Czech HMM Tagger and Morphology

Czech HMM-based Tagger (using full morphology)

Author: Pavel Krbec (HMM Tagger) 2001, Jan Hajic (morphology) 2001

Download

Description

The HMM based Tagger is an implementation of the Czech tagger developed at UFAL . In order to work, the tagger requires preprocessing by a Czech morphological module with a very high coverage. This module covers a superset of the Czech "HM" morphology. Both the morphological module and the tagger are supplied in two independent packages as binary executables, together with all necessary precompiled Czech data. Input must be in the ISO Latin 2 (iso-8859-2) code and follow the usual csts.dtd definition, and output is produced in the same way (ISO Latin 2 code, csts.dtd). (As is the case with many of the tools provided with PDT 1.0, both executables also accept - and then produce - a "simplified SGML", which is not a real, valid SGML, but simply contains at least the tags for words, punctuation, and sentence breaks, one item per line.)

Supported platforms

The tagger and the included morphological module are compiled for Linux (2.2.x and above, such as Red Hat 7.0 and later).

Installation

Unpack the HMMtgr.tgz archive in a directory where you want the tagger to live, e.g.:

mkdir /usr/local/HMMtools
cp HMMtgr.tgz /usr/local/HMMtools
cd /usr/local/HMMtools
tar -xzvf HMMtgr.tgz

The morphological module CZ010619x has to be installed in the same directory as the HMM tagger. Follow the installation guide attached to the morphological module.

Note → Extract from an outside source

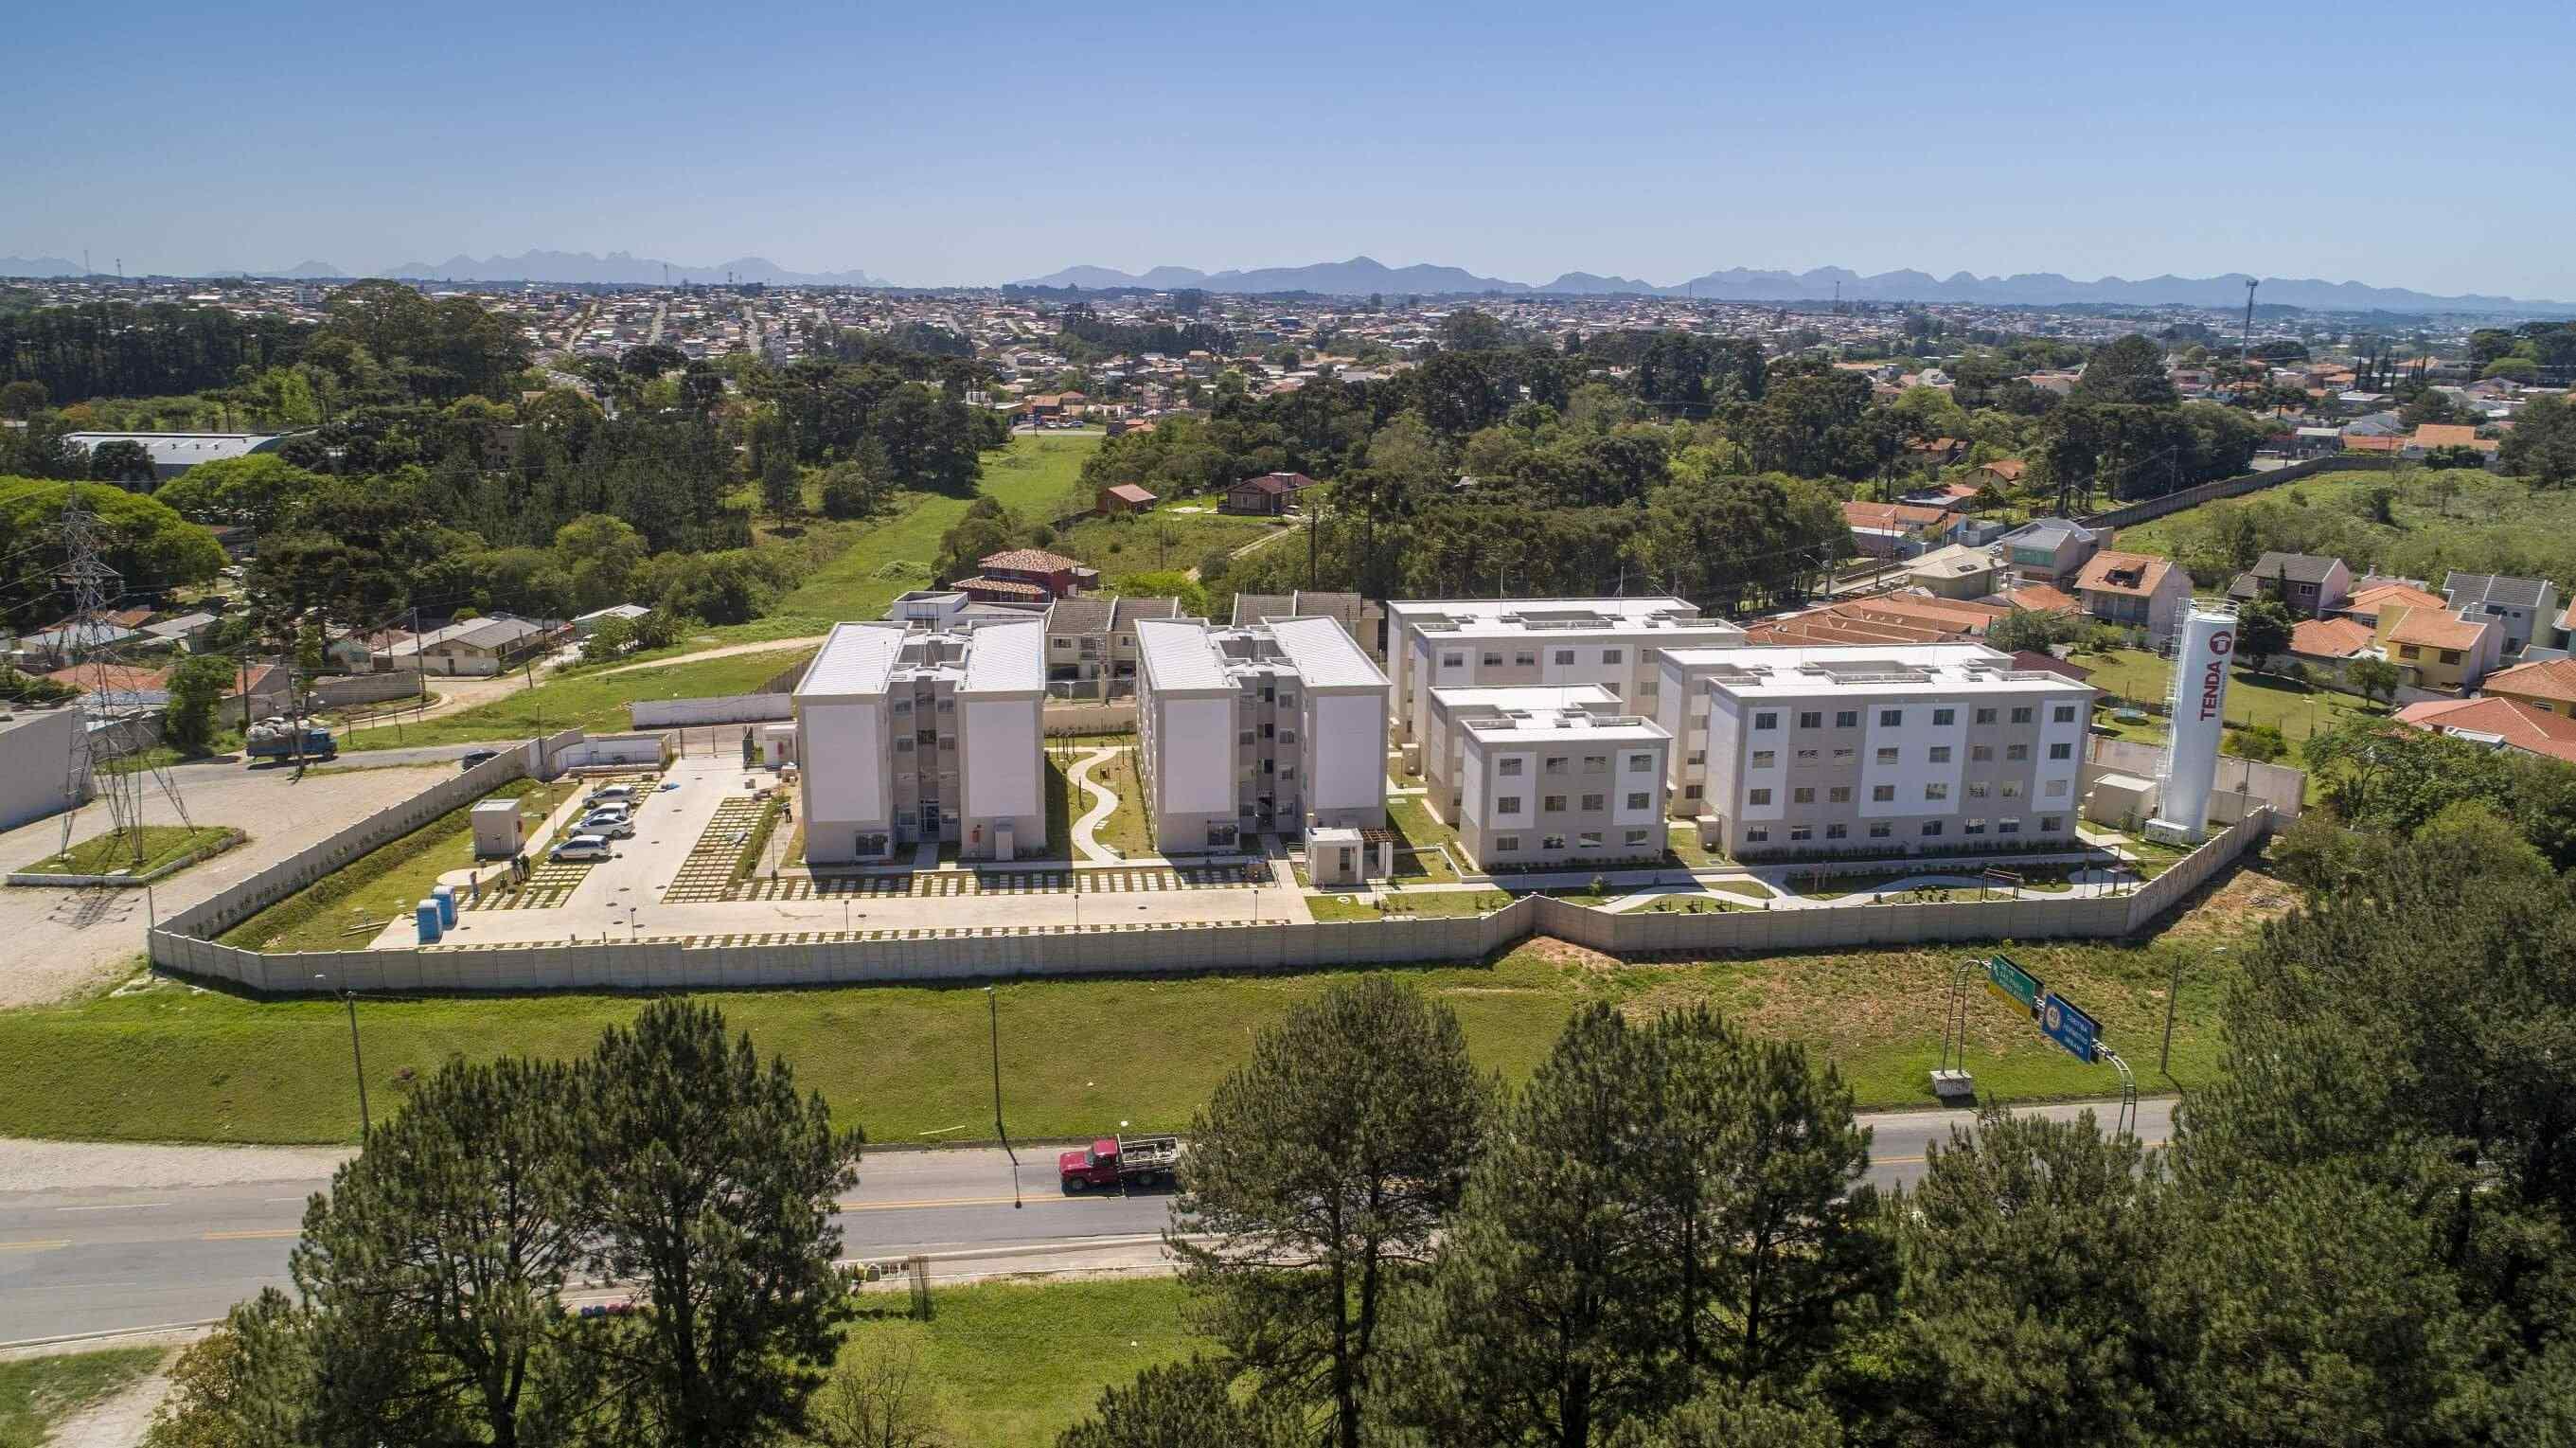 Fotos de obras no empreendimento Ville Provence | Curitiba | PR | foto 1 | tenda.com

Check the installation with the following command:

ldd insert-hash

You should be able to see something similar to this output:
        libm.so.6 => /lib/libm.so.6 (0x40020000)
        libc.so.6 => /lib/libc.so.6 (0x40040000)
        /lib/ld-linux.so.2 => /lib/ld-linux.so.2 (0x40000000)

The README.files file contains the info about the distribution files. In case some of the files mentioned in the README.files is missing the installation will not work properly.

Running the HMM-tagger

The main script has to be run from the distribution directory. Follow this example:

cd /usr/local/HMMtools
run_all <INPUT_FILE> <OUTPUT_FILE>

The HMM tagger is an unix application which heavily depends on the unix environment. It needs a fully configured and working system.

Requirements:

perl v5.6.0 (perl -v) and above installed in /usr/bin/perl
bash (installed in /bin/bash) and bash utilities such as tee, cat and others
/tmp directory with enough free space

Performance tips:

In order to get maximum performance, be sure that the /tmp directory is locally mounted
The HMM tagger consumes about 13-20MBytes of memory. The more memory it gets, the faster I/O operations can you expect.
Tagging many small files tends to be very CPU expensive, as the train data will be reloaded after each file. The solution is to concatenate the files.